▶ _Input_:

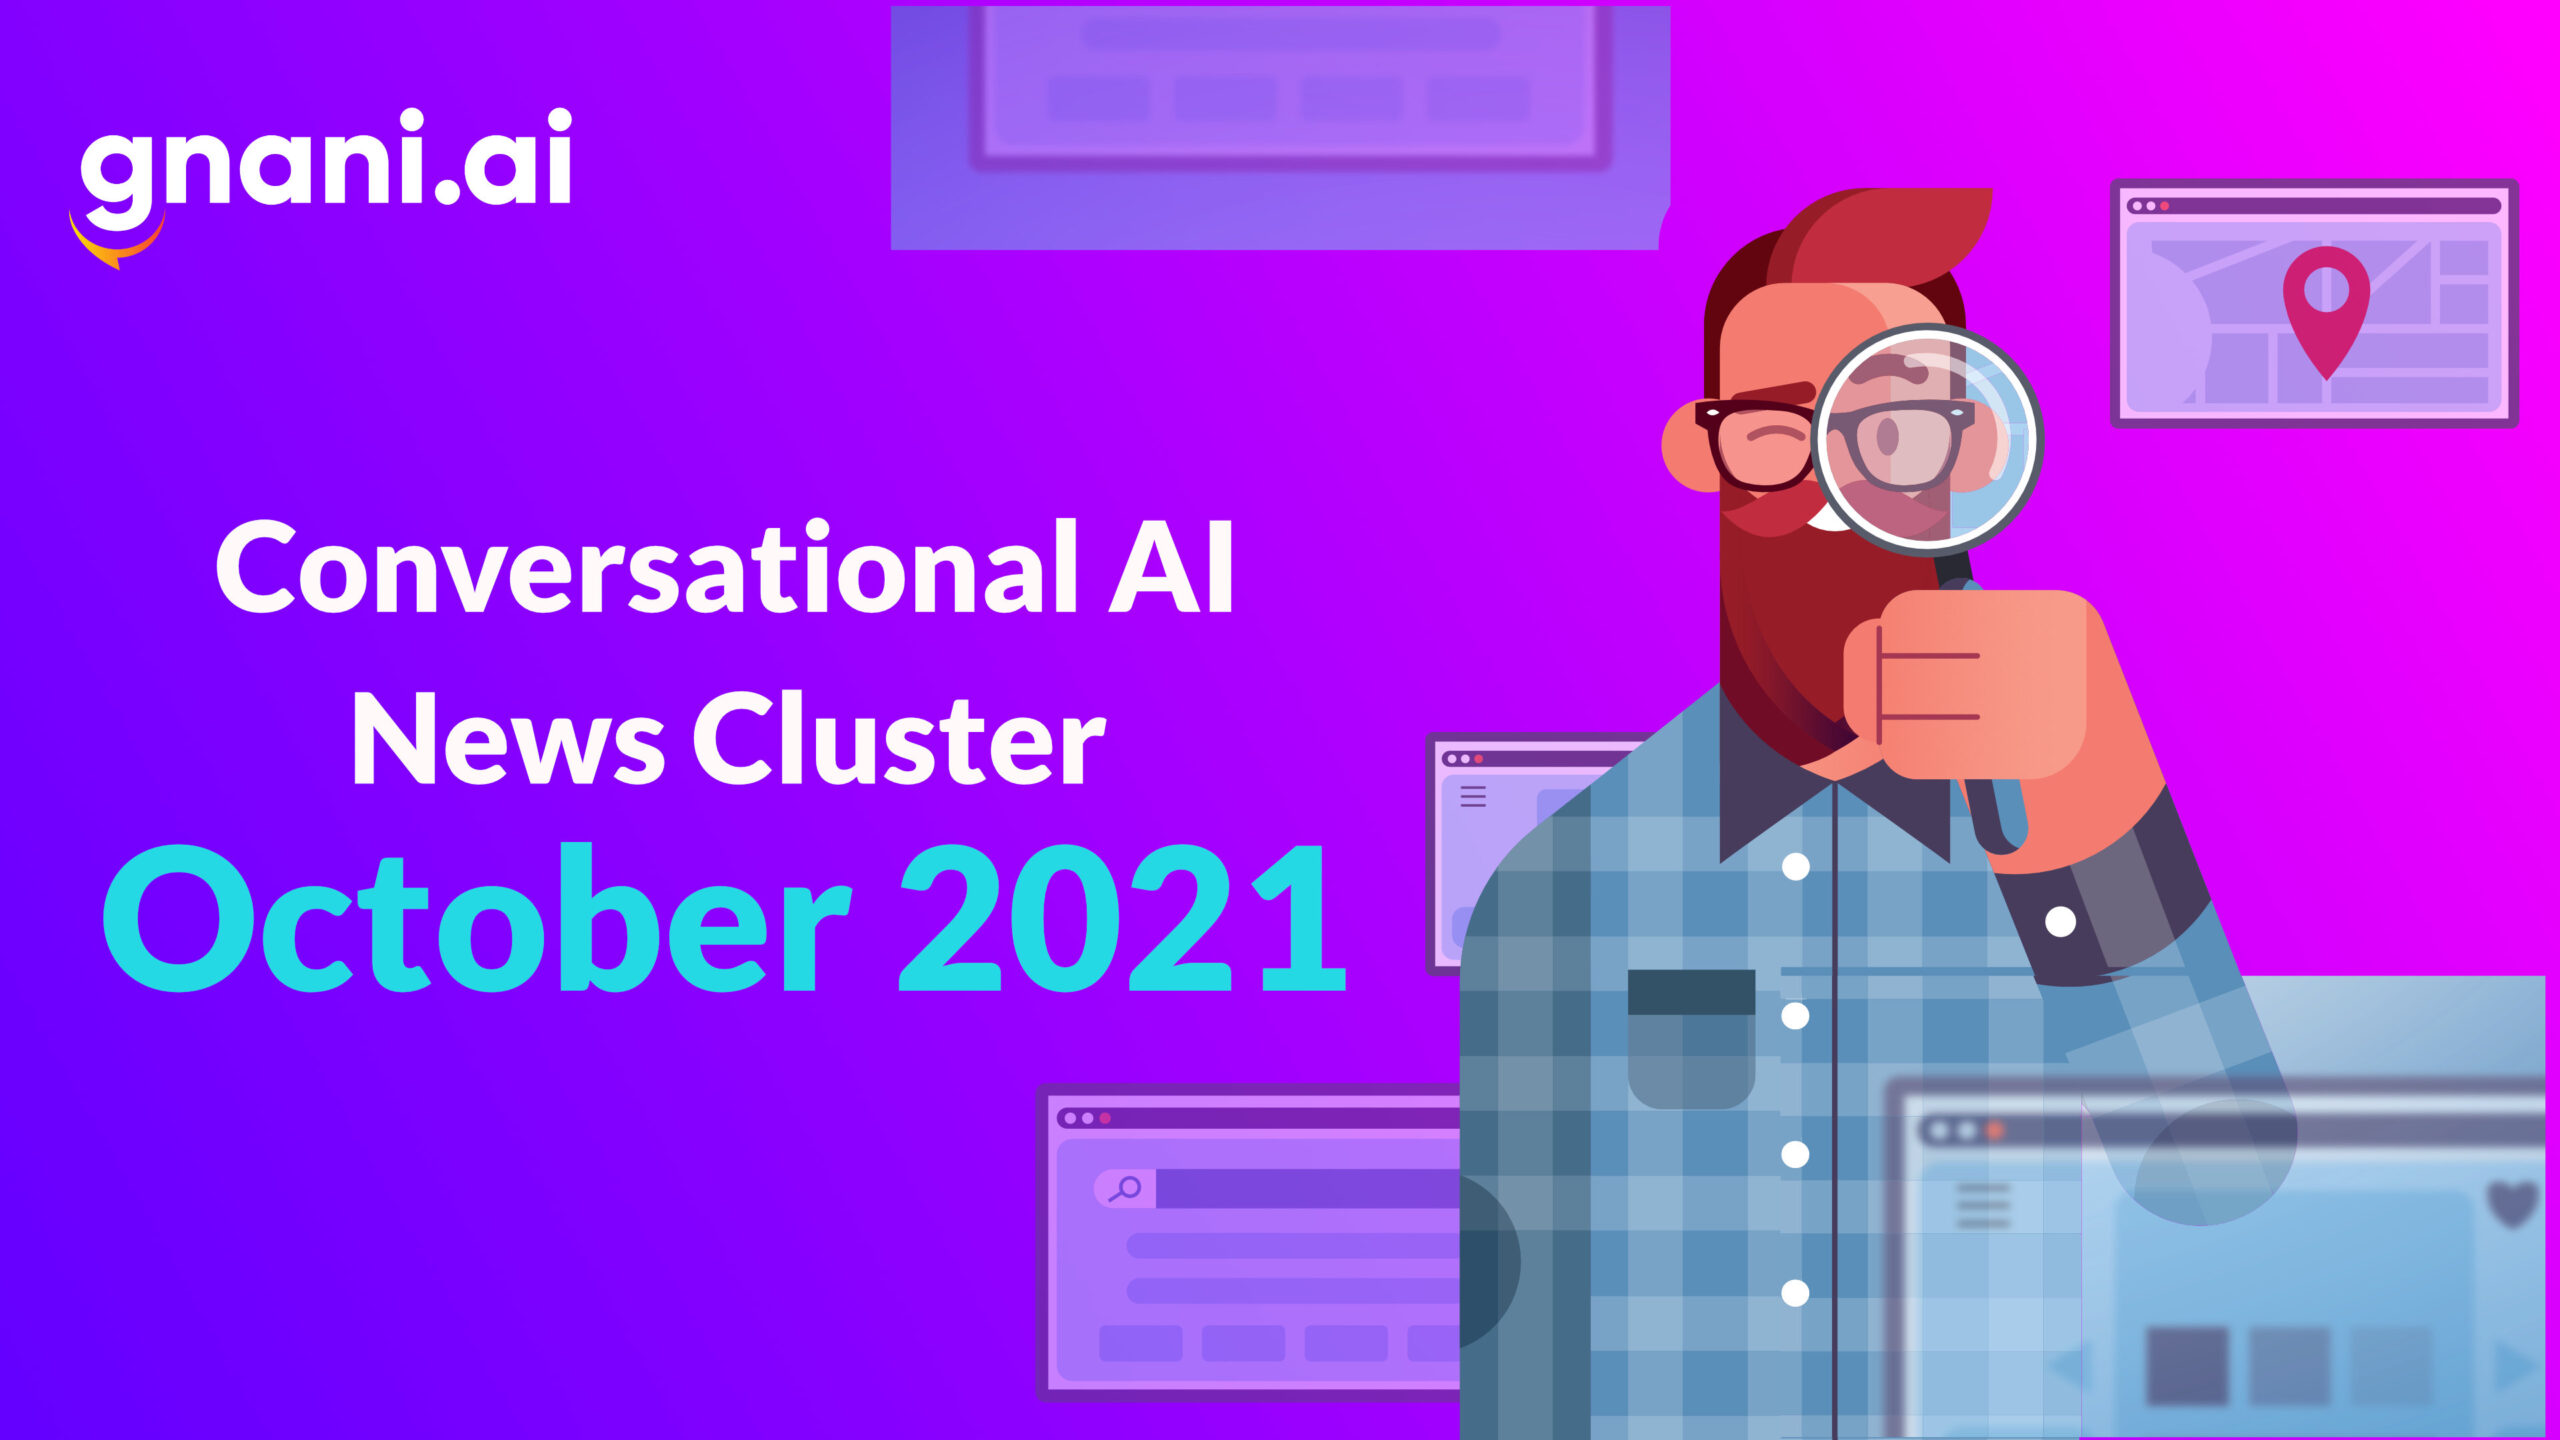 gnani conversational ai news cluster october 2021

...

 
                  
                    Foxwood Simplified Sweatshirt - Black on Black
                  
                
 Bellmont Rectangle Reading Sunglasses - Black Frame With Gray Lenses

▶ _What you need to do_: A single number is the answer: the count of lines above that include the string "Black".

▶ _Output of the task_: 2